Monday, October 22, 2007

A "Useful Idiom" but Sloppy Journalism


I think I know what someone means when they use the term "government leader." That would be someone we elect and continue to trust because they behave themselves and advance wise policies and achieve significant results for the common good instead of personal gain or special interests, or something close to that. But what is a "business leader," anyway?

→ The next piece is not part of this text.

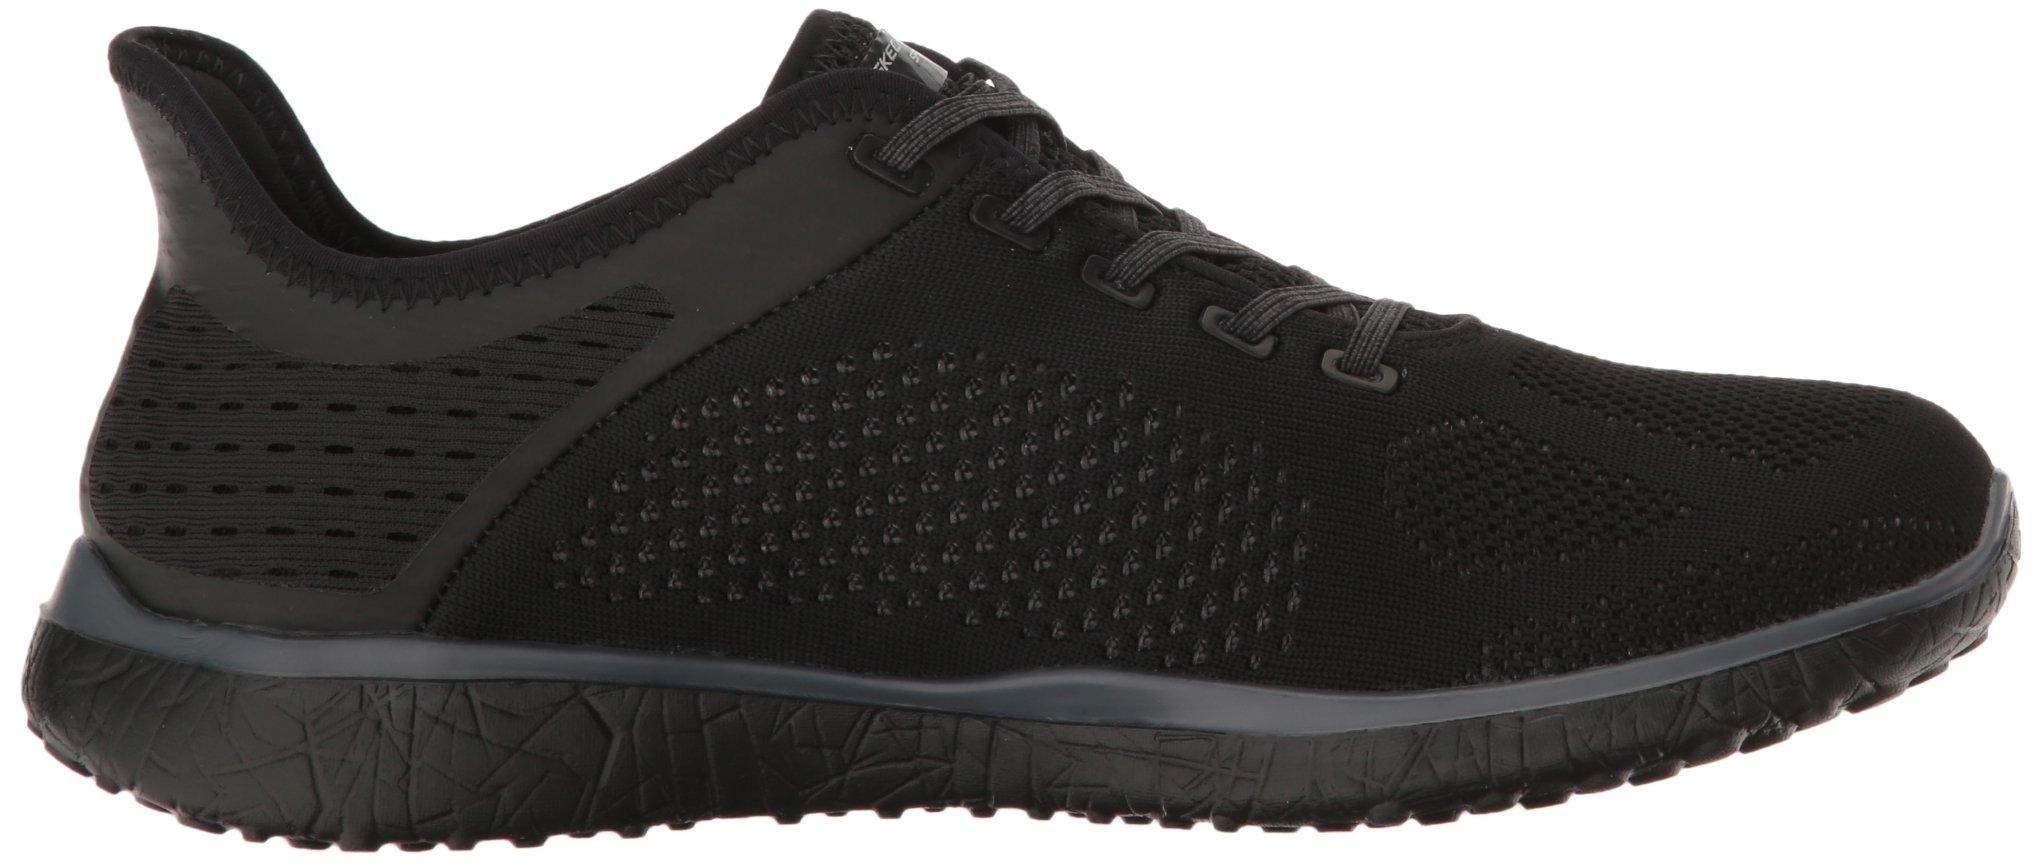 Skechers Microburst Supersonic 23327 Black BBK Sneaker Memory Foam
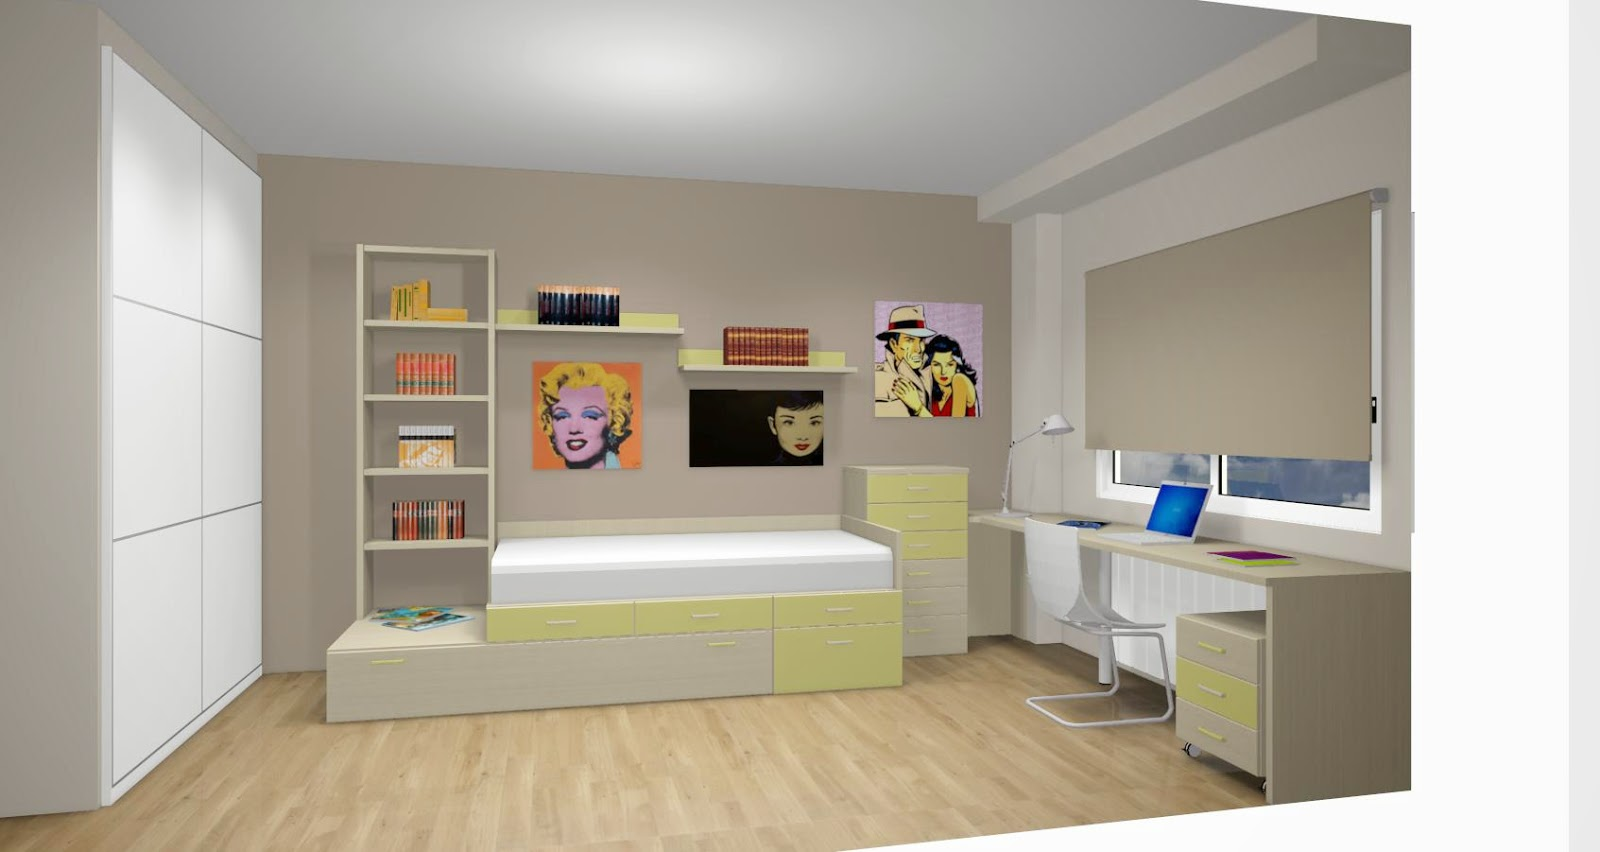 Dise o de cuartos o dormitorios juveniles for Programa decoracion habitaciones

During the last week, I read the term far too often to let it pass without comment.
Brenda Blagg (TMN) and Aaron Sadler (TMN) wrote about Arkansas business leaders who dined with George Bush; Steve Caraway (TMN) and Richard Massey (ADG) told us about Springdale business leaders who held captive the city government; only Laura Kellams (ADG) put the term in quotes when she wrote about select "business leaders" adoring George Bush. Maybe they just use the term instead of writing "businessmen," since reality and political correctness make that term archaic. That shorthand applies a positive connotation to any businessman they want to quote or write about (and it is almost always men), but it still doesn't reflect reality or explain how one earns the title. One dictionary gives several synonyms for business leader including baron, magnate, mogul, and tycoon, but I haven't seen our local scribes use those descriptive terms lately.

Leadership is a relational term that implies followership, but I never see any group of business owners or managers referred to as "business followers." Don't leaders have to have followers, and, if so, why do we never get to read what they think or do? The term business leader also implies involvement in our economic system, so what about the other players? I haven't read much lately about "consumer leaders," or "client leaders," or "employee leaders" in our local newspapers. Do customers and employees have no leaders, therefore justifying being ignored or relegated to treatment as mere pawns by both businessmen and journalists?

The Harvard Business School maintains an online database of Great American Business Leaders that
identifies and chronicles the lives of 20th century men and women who "shaped the ways that people live, work, and interact." They include seven people born in Arkansas, but none are from Northwest Arkansas. It includes Sam Walton (OK) and David Glass (MO) but no one from Arkansas named Ramsey, Hunt, Reynolds, Walker, Tyson, George, Scott, Lindsey, Caughlin, Israel, Barber, Terminello, Dillard, Stephens, or Koenig.

My point is, I guess, that not everyone who has a lot of money and wants more is really a business leader. John Lewis was a true
transformational business leader who cared not just about his own businesses and profits but worked tirelessly for a better community. He had courage, vision and passion that
inspired and harnessed the collective energy of all our citizens. To regularly and casually call those who do anything less a "business leader" is to cheapen the term and to besmirch the name of those who truly were and are.